The scenario described has been run about 12 times since 1991. The first full scale effort was, I think, at HISTORICON 93 or 94, with Wally Simon (he of the Basement) commanding the Republicans. It went badly from the start when the apocryphal Malraux squadron, ordered to bomb Ibarra’s Palace, clobbered the Garibaldini in the Bosque de Brihuega. It was a close fight, but the overall C.T.V. commander had uncanny luck with the aircraft rolls, and the CR 32 were in the air about twice as often as they should have been.
Wally was undone when Internationals coming up the Caraterra from Torija were strafed in their trucks by CR 32s. Usually, however, perhaps 8-9 out of 12 times, the C.T.V. has been vanquished in the historic manner. The non-player character quality of the aircraft was probably most evident in a game, I think at FALL IN! 97. The C.T.V. player rolled up a CR 32 squadron with ground attack orders. His target priority was road traffic near Brihuega. The attacks were very effective. But all the road traffic in the indicated sector was C.T.V..

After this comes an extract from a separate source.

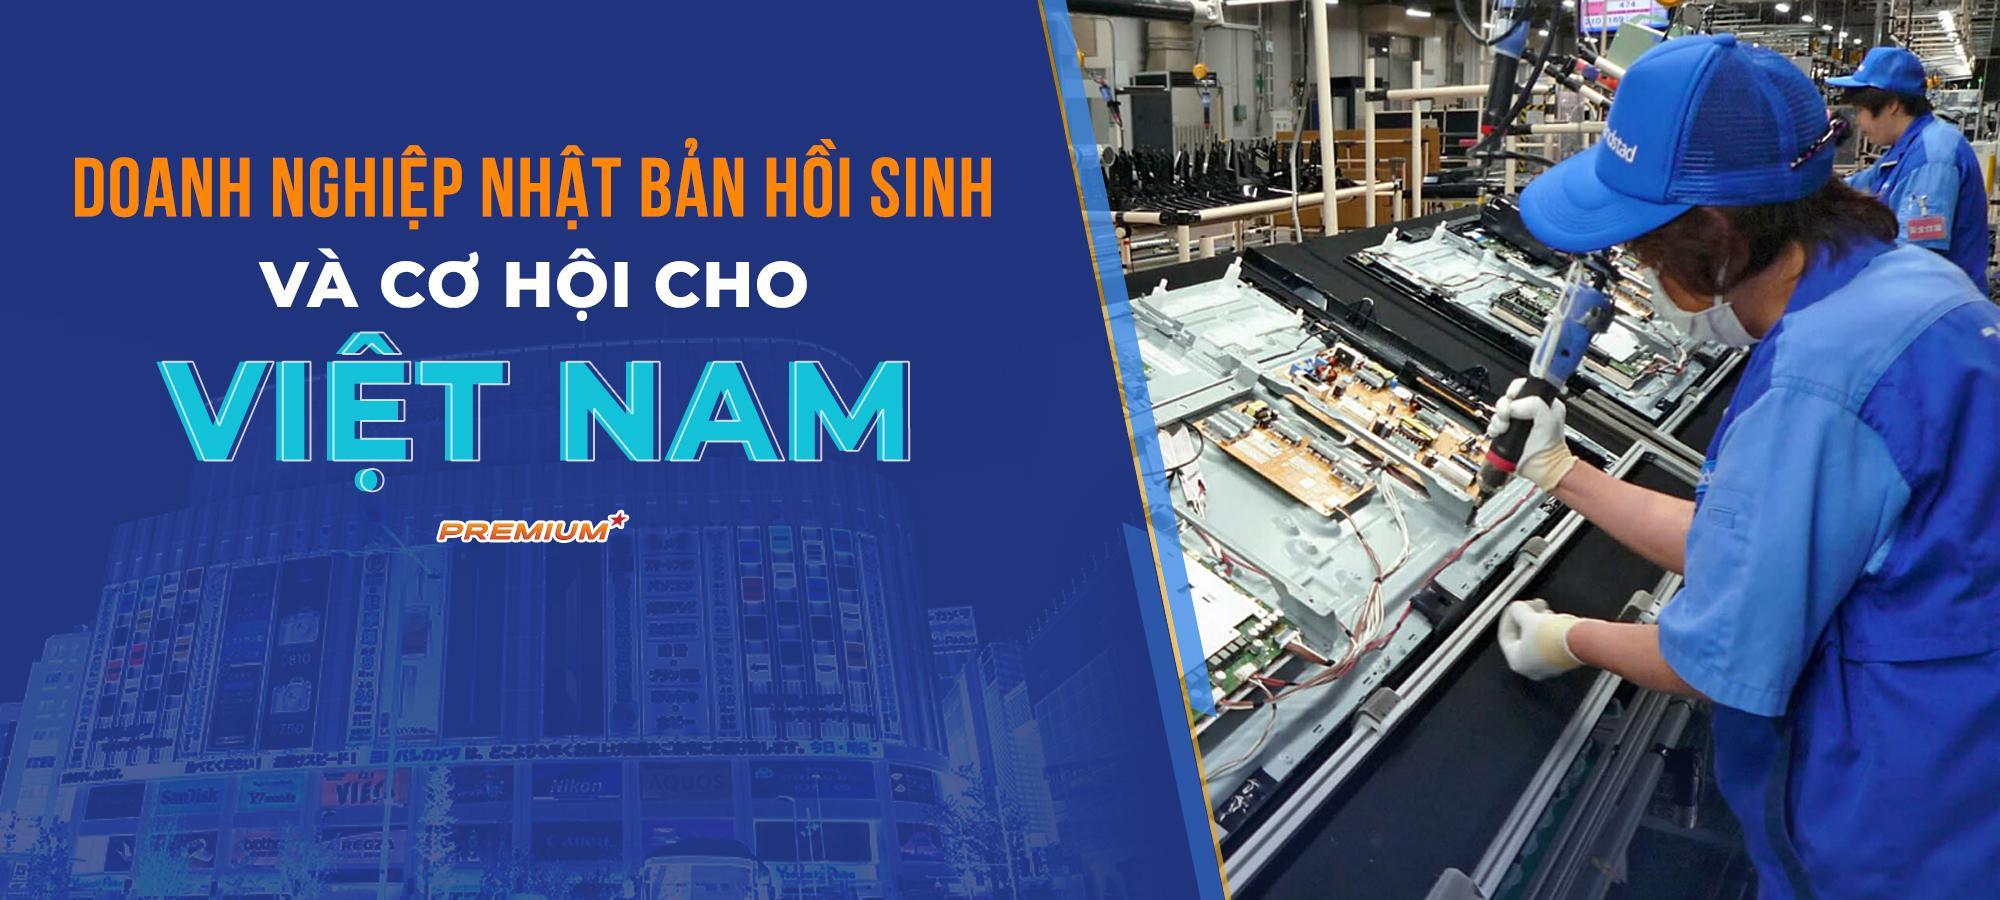 Công nghệ Nhật Bản hồi sinh và cơ hội cho Việt Nam

Of late, inspired by Jack Radey’s research, I have been playing with the Battle of Brihuega on the 18th of March 1937. It is quicker, dirtier, and more historically balanced. I retain the limited option for Italian fighter intervention (though historically the CTV rolled badly on that.) Essentially you find the C.T.V. with the 6th Blackshirts over the Tajuna, the 1st, 2nd, and 3rd Blackshirts (Dio Lo Voule Division) in and around Brihuega.
Opposite the 65th, composed of Carabineros, the 70th of Anarchists, the Movil de Choque and the XII Internationals with three strong battalions, a support gun battery, and some mortars. There are 4 tank and one armored car companies to play with. Each side gets three off board artillery gruppos, and the Republicans get 1-2 air strikes with an I-16, an I-15, an R-5, and an SB-2. I have been more generous than General Roatta, and left Dio lo Voule with Fiamme Nere’s 20mm battery. So far it hasn’t been enough. The C.T.V. has lost every time. At FALL IN 00! I was pleased that a barely victorious Republican player offered the unsolicited comment “We couldn’t have done it without the air force!” I am certain that the Republicans of 1937 were of exactly the same opinion.